__Try it__
The answer should consist of the full listing below, repeated exactly and free of pictures.

__Given material__
┄┄┄┄┄┄

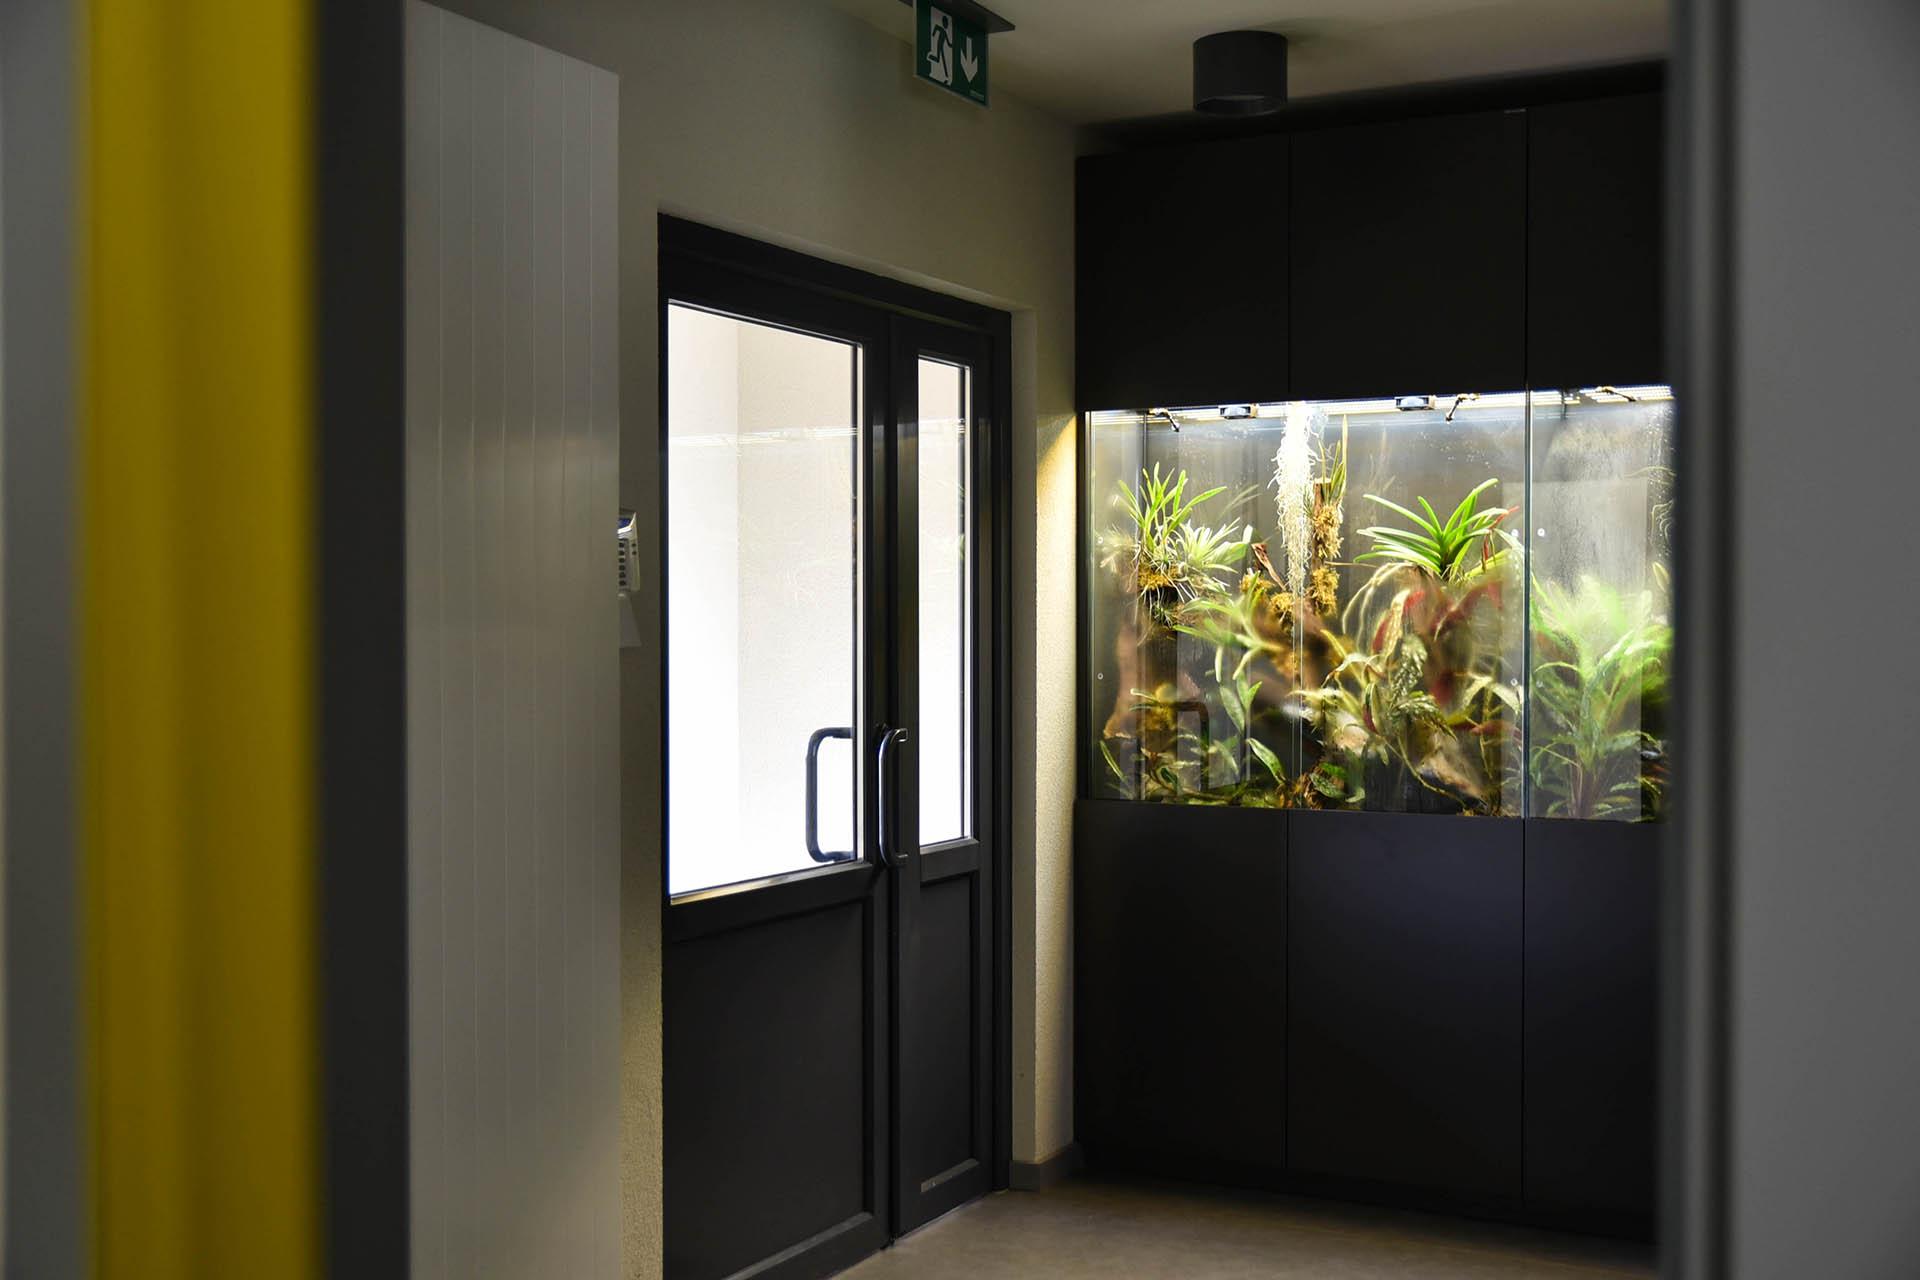 orchidariumas administracinio pastato laiptinės interjere Mažeikiuose
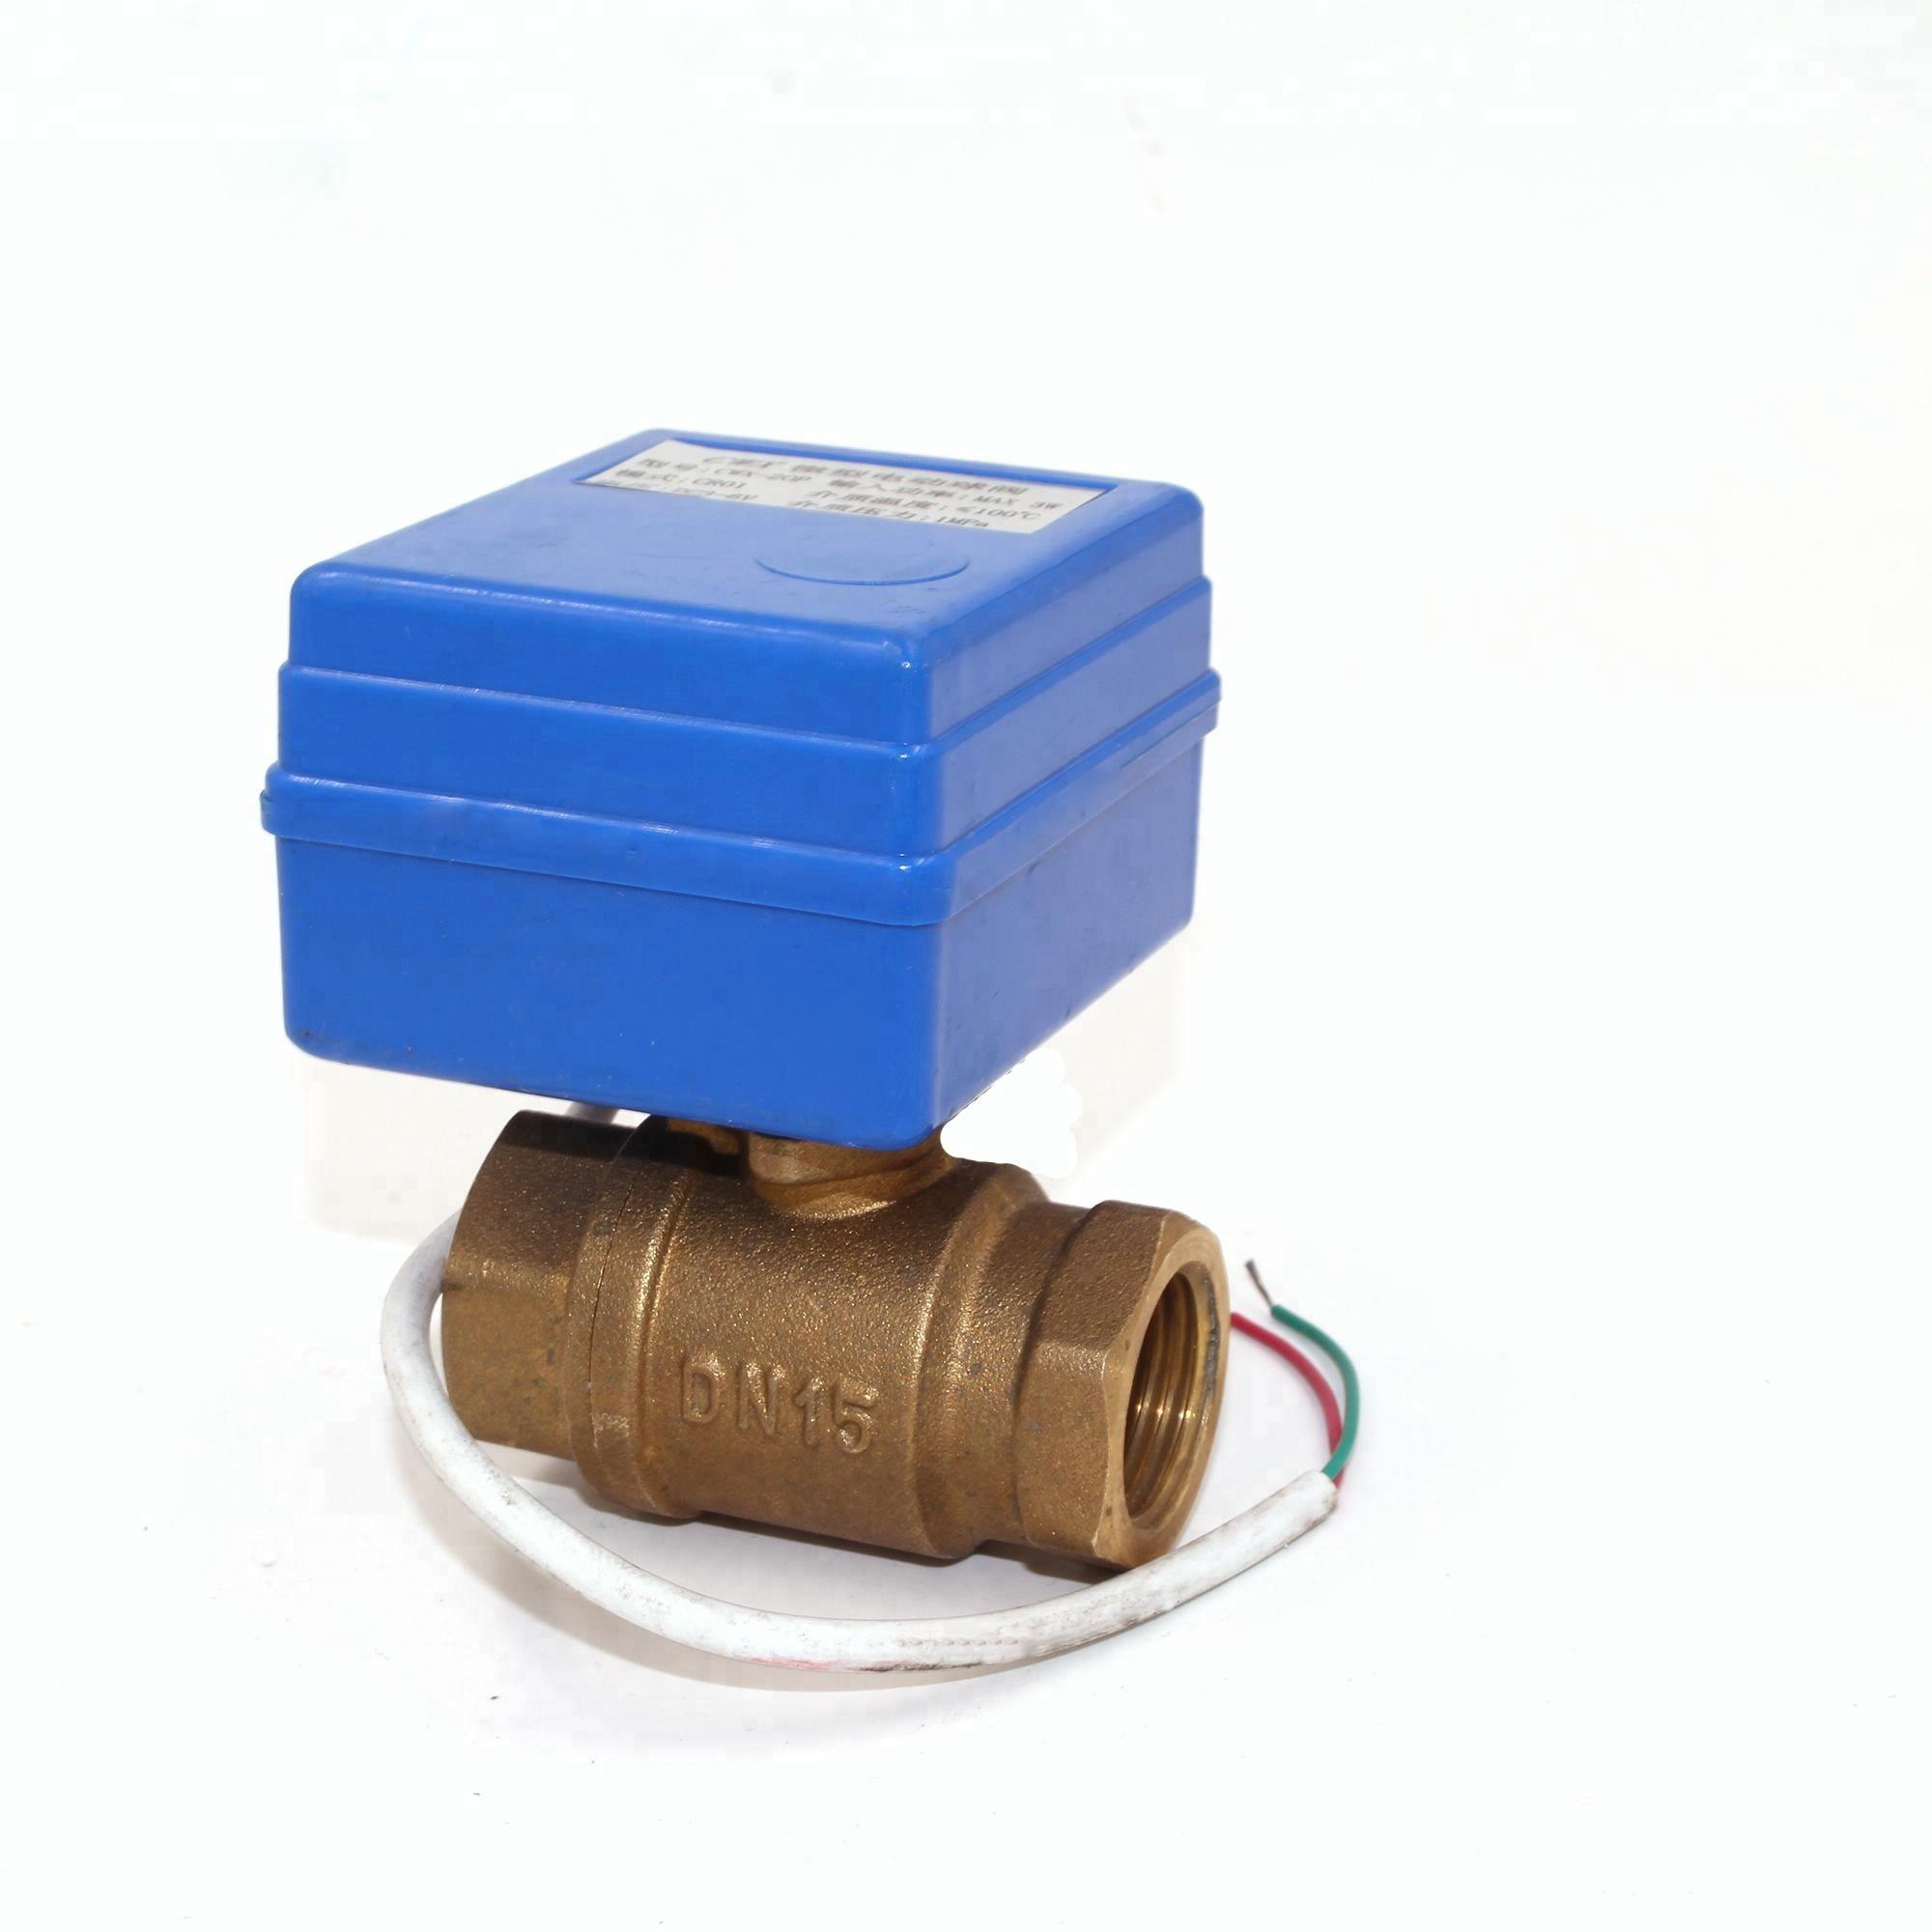 CWX 1 0D 5V 3V 12V mini motorized valve for water strong meter
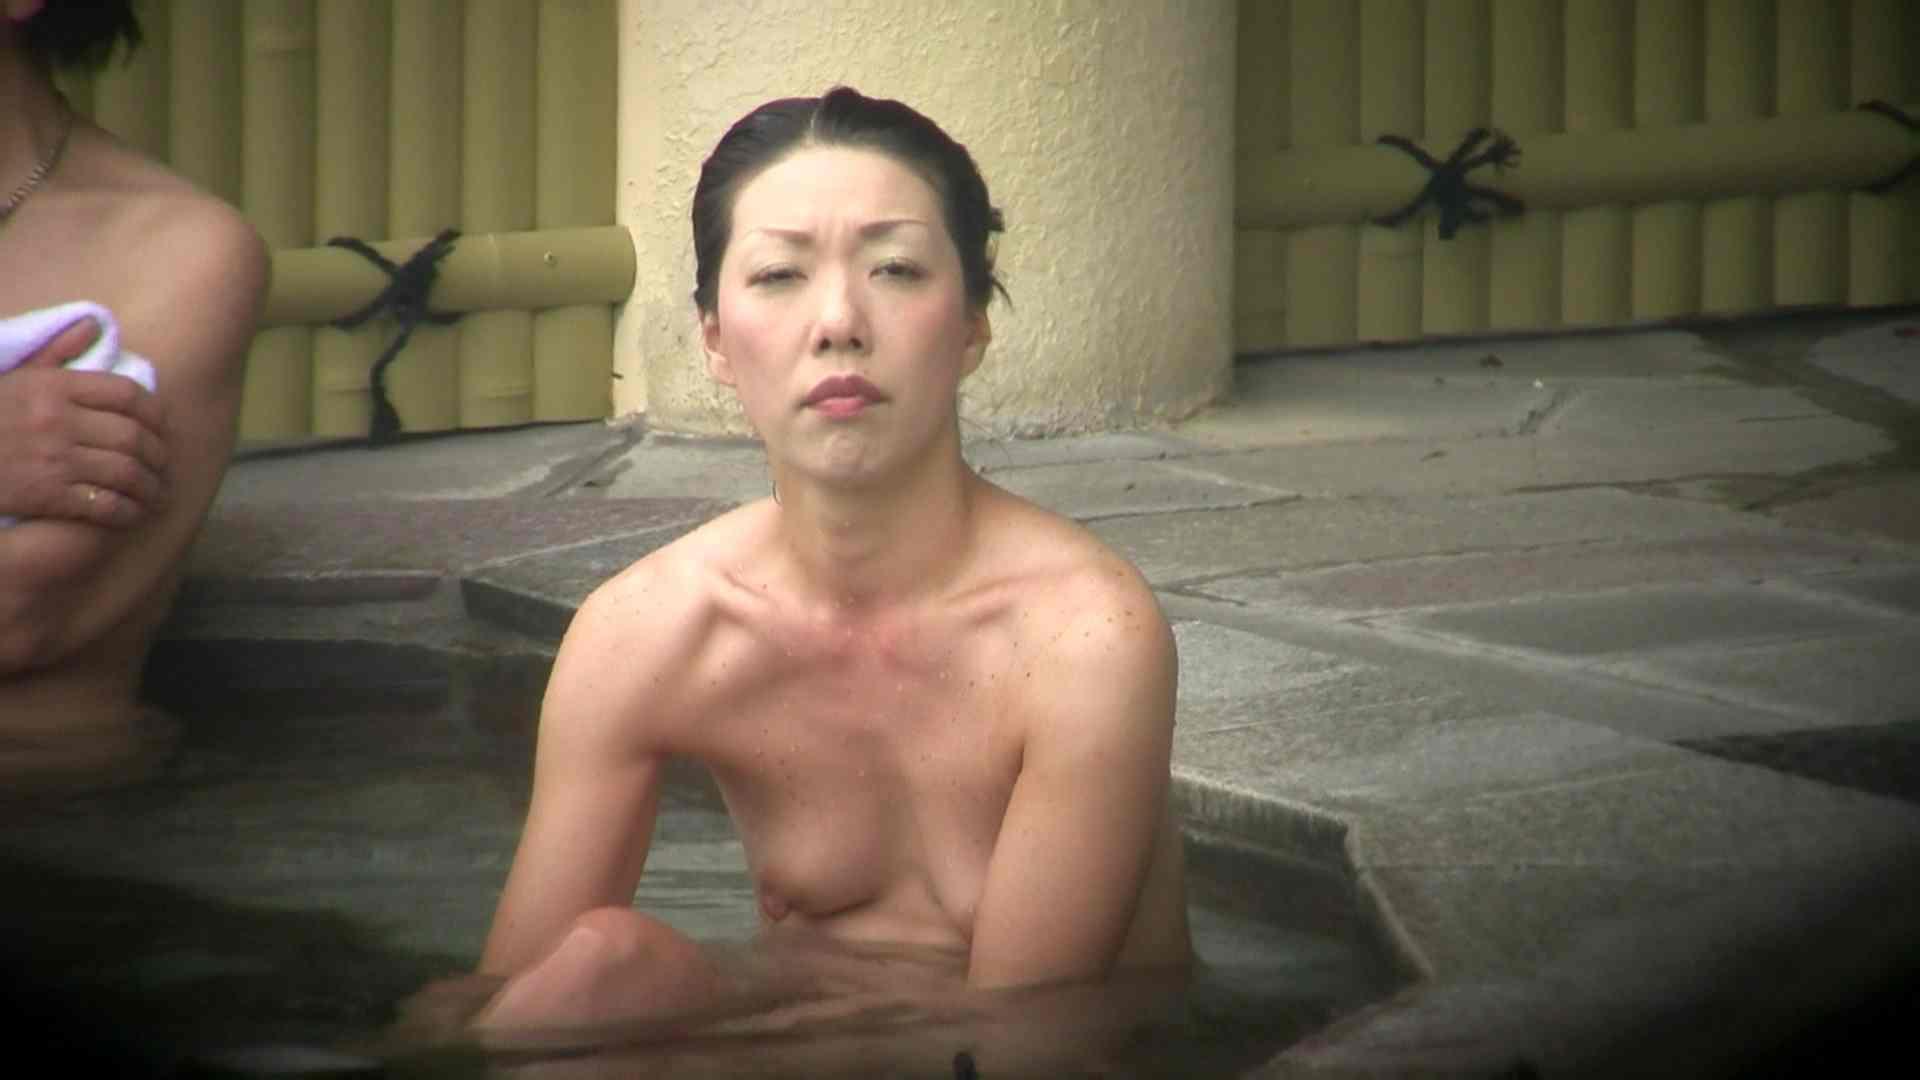 高画質露天女風呂観察 vol.036 高画質 | 女風呂  85pic 29

┄┄┄┄┄┄

__Solution to the problem__
 orchidariumas administracinio pastato laiptinės interjere Mažeikiuose
 CWX 1 0D 5V 3V 12V mini motorized valve for water strong meter
 高画質露天女風呂観察 vol.036 高画質 | 女風呂  85pic 29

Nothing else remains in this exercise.